"You have to remind yourself what you can achieve"Posted: Wednesday 03 May 2023
Judy, 79 has taken on the remarkable challenge of climbing the O2 in London in her determination to show others what they can achieve.
But the challenge wasn't an easy one for Judy and is something she never thought she'd be able to do. "It seemed incredibly steep, and I thought nobody of my age would attempt that.” she said.
To celebrate the approach of her 80th birthday, she wanted to do something different to mark the occasion.
“Climbing the O2 wasn't anything I wanted to do,” she said. “In fact, I passed by it on a number of occasions in the past. I said to my son, who lives in London, ‘I could never do that’.
“Then when it came to this year, being my 80th year, I said, ‘it's time for a challenge’. He said, ‘Well, you should do the O2, which would really be a challenge for you.’
Judy, who was diagnosed with age-related macular degeneration (AMD) around six years ago, took on the climb alongside her son Kevin.

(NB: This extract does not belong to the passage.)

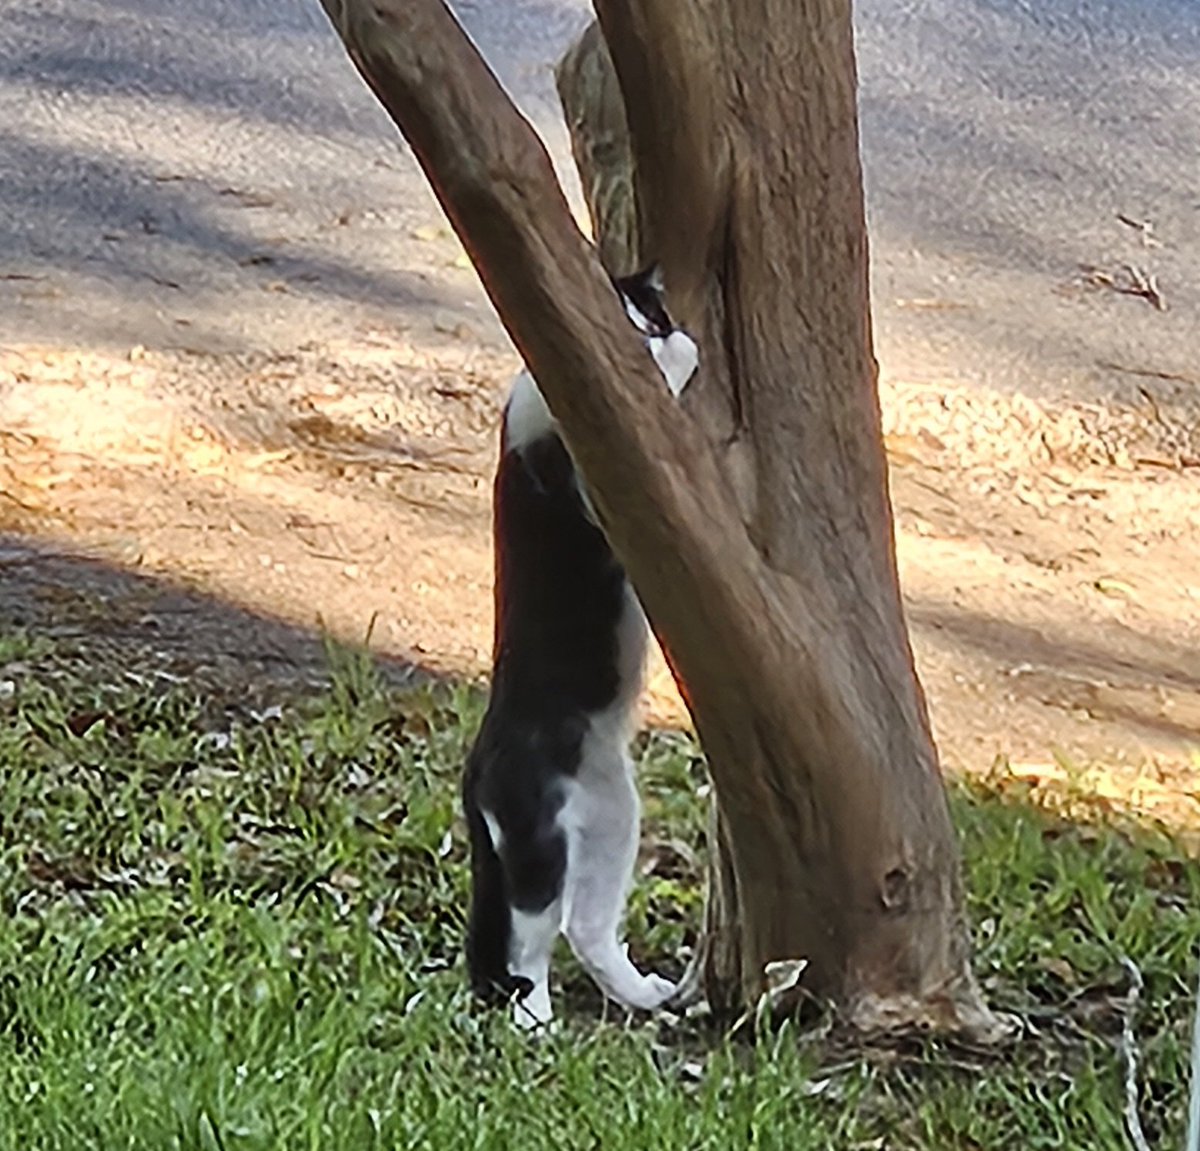 Good morning & Happy Saturday! Our new little baby feral kitty, Tuxie, showed up for breakfast & chased a squirrel up the tree. So cute. 🐈‍⬛

She said: “I was a bit nervous at the beginning. It was raining in the morning so I was worried about the weather. But, as we got our harnesses on and climbed up, the sun came out, so that was good.”
After noticing a deterioration in her sight in recent months, Judy talked about her motivation for choosing the challenge: “The connection with the climb and my sight is that when I get to the top and look both ways along the Thames, I know I will never be able to see that view as well I will see it then.”
And the view from the top did not disappoint.
“It was unbelievable,” she said. “It is so different to anything else because it’s a 360 degree view and, unlike the Shard or other buildings, it is open and you’re in the air. You are on top of the dome itself and out in the open, which means you are exposed to the elements too of course.”
Talking about whether she’d do the climb again she said: “I would certainly be much more confident doing it again because I now know what’s involved. Like everything else the worst part is not knowing. It was certainly a wonderful experience.”
Judy hopes her efforts will help encourage others to challenge themselves.
She said: "You have to take yourself out of that comfort zone and take on challenges to remind yourself of what you can achieve. I want people to believe in what they can do. I think it's very easy to give up when you recognise your sight is slowly deteriorating.
“But I think you must test yourself all the time. It doesn't have to be at this level, of course this is something much bigger. But even the smallest tasks can be a problem with sight loss and you have to overcome it.
“You have to thank yourself and say ‘I did that', it wasn't easy but I did that. Sometimes you have to take on a bigger challenge to remind yourself that you can do it. I was surprised to see how enthusiastic people were about what I was doing, saying they couldn't do it themselves.”
Giving advice to others living with sight loss, Judy said: “The hardest thing to learn if you’re independent, like me, is to say you want some help. Help is a very important word to use. Because you think ‘I want to do it on my own.’ But that is actually a pretty silly way of thinking. I've never had anybody refuse to give me help.
“When I was first diagnosed I didn’t want to ask anyone for help but now I realise that that wasn't the right way to do it and it takes time to learn that.”
Donate to Judy's fundraising page.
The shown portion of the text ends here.